Just one of those days


----------



## johnpaint (Sep 20, 2008)

Ramsden Painting said:


> Just one of those days


It happens.


----------



## daArch (Mar 15, 2008)

Accelerator ? Or close hatch too soon?

I feel bad for you. BUT HEY, glass replacement is covered automatically in Mass, with no deductible (?)


----------



## Ramsden Painting (Jul 17, 2011)

Actually happened yesterday. I took off up a hill from a stop and a sprayer I was taken to get fixed rolled back and popped the window out. Galas is covered if you have full insurance in mass. New window Tuesday and new signage on Thursday. The expenses of having a business


----------



## Ole34 (Jan 24, 2011)

i feel your pain..... had to get new front/rear glass on my truck this summer........oh and 1 right side mirror


----------



## NEPS.US (Feb 6, 2008)

Ditch the mini van.

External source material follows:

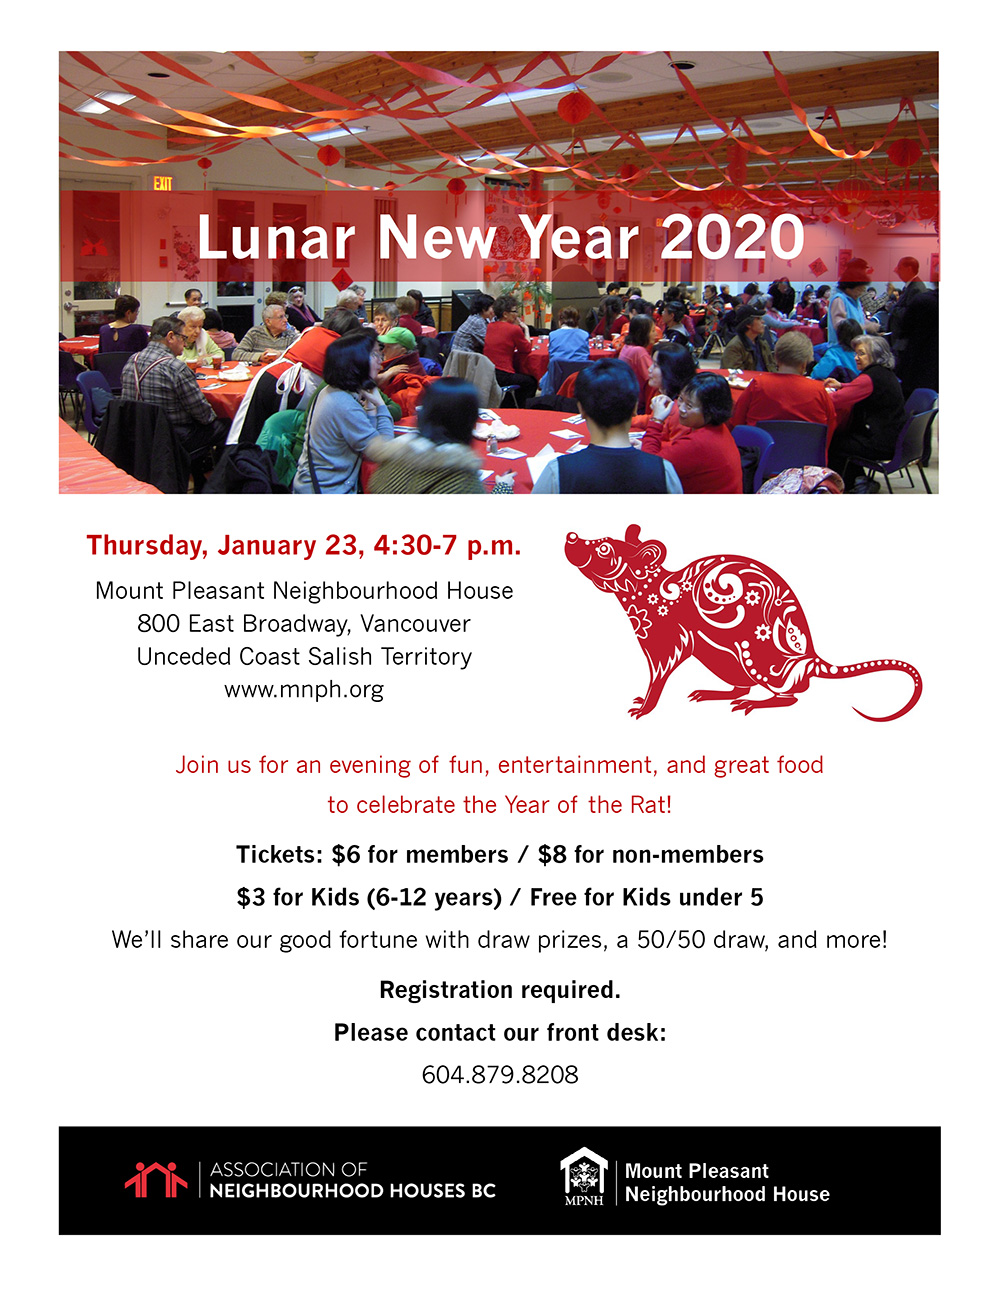 Poster for the Lunar New Year 2020 celebration showing people enjoying dinner surrounded by red decorations

Painting company or soccer mom?:jester:


----------



## Msargent (Jan 16, 2009)

Or single family 1 story home repaint Nitche. HAAAAA


----------



## WarlinePainting (May 22, 2011)

that sucks


----------



## TJ Paint (Jun 18, 2009)

One reason I like my pickup


----------



## daArch (Mar 15, 2008)

NEPS.US said:


> Ditch the mini van. Painting company or soccer mom?:jester:


I happen to like my grocery getter. It's so sexy ..... and manly. 

I can't count how many hot babes have hit on me while stopped at a red light.

No, seriously, I *can't *count how many .  :whistling2:


----------



## 6126 (May 9, 2010)

NEPS.US said:


> Ditch the mini van. Painting company or soccer mom?:jester:


Lol I drove a minivan for a while. :thumbup: Picked up the nick name "Minivan Mike" from my friends.  Some still call me that


----------



## Ramsden Painting (Jul 17, 2011)

I cringed the first time I considered the minivan. We purchase them from another company when they are replacing them (they have 42of these service vans). I pay $1500 each for them with inside fully racked, this is 2007. We have 2 of these and a pickup and all lettered the same. 

I have had every kind of truck and van over the years. This "soccer mom van" fits in the garage and I have no car payments on anything. I guess if my company was small we would just have a pick up truck.

Off to the Patriots game


----------



## George Z (Apr 15, 2007)

Get a nice roof rack.
We get fully shelved mini-vans too.
Driving around empty large trucks makes no sense.
Spend the gas money on marketing or keep it in your pocket.

Wait... you do have a roof rack.


----------